The Sensex has risen ! And the recent merger of HDFC with the HDFC bank appears to be the herald which has given the market sentiment a big boost. With this, the capitalization of India’s lead private sector bank is now nearly Rs 32 trillion, still a long way to SBI’s capitalization at Rs 55 trillion, but double the size of its closest private sector competitor, the ICICI Bank which stands at Rs 16 trillion. On the whole this consolidation of banks – in both the public and the private sectors augurs well for the Indian economy, and the recent RBI report also suggests that for the first time in the course of a decade the NPAs have come down in real terms, and the new accounting norms have ensured that the ‘window dressing’ in which banks often indulged to give their balance sheets look respectable, is no longer possible.
The growth of the HDFC bank is also the story of India’s economic liberalization. While the holding company was set up in 1977, the Bank itself came into existence in August 1994 when the RBI allowed the establishment of banks in the private sector. It started its first commercial operations as a scheduled bank in January 1995. By February 2000, it had acquired the Times Bank Ltd, and in 2008, the Centurion Bank of Punjab was also part of HDFC. Centurion Bank of Punjab was itself an amalgam of four banks : the Indian operations of Bank of Muscat in 2003, the Bank of Punjab in 2005 and the Lord Krishna Bank in 2007.

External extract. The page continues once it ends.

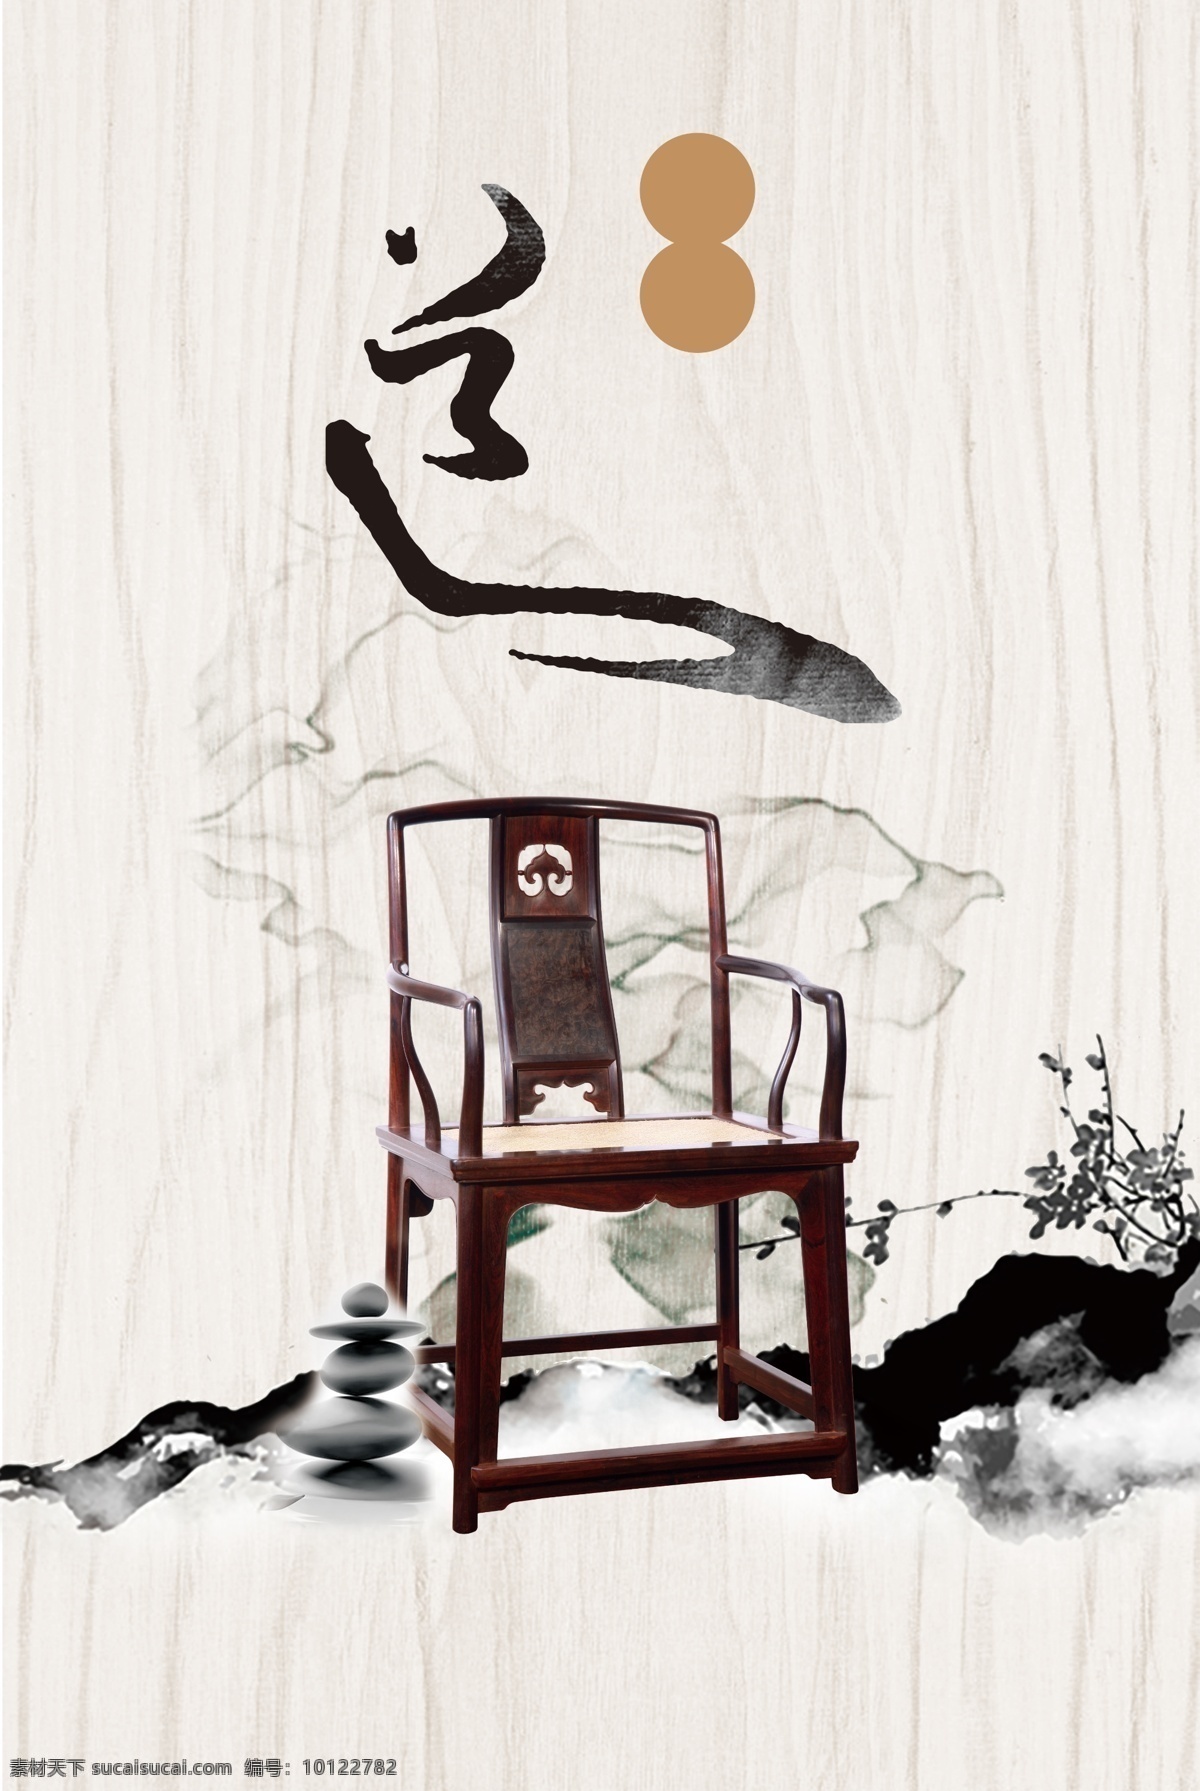 中国 风 文雅 木制 椅子 广告 背景 灰色背景 家具 中国风 树枝 广告背景 木椅子 笔墨

The merger of the promoter entity and the Bank had been on the cards for quite some time. The banks principal investors were always keen that it sell home loans to complete the suit of retail products, but HDFC had initial reservations about the duplication of business, as also the higher regulatory costs in the form of SLR (statutory Liquidity Reserve ), PSL (priority sector lending ) and CRR (cash Reserve Ratio). As per the extant guidelines for scheduled banks , forty percent of the banks loans must flow into agriculture, MSME sector, affordable housing and financial inclusion for those at the bottom of the pyramid. But what has tilted the scale for the merger is that the arbitrage between NBFCs in housing and banks is no longer valid : the new RBI guidelines are scale based, and the asset classification norms for banks and non-banks are the same now. Now that the policy was favourable, it made every sense for the HDFC to consolidate its operations, leverage the technology for financial transactions and emerge as the top weight in the benchmarks for the BSE and NSE indices.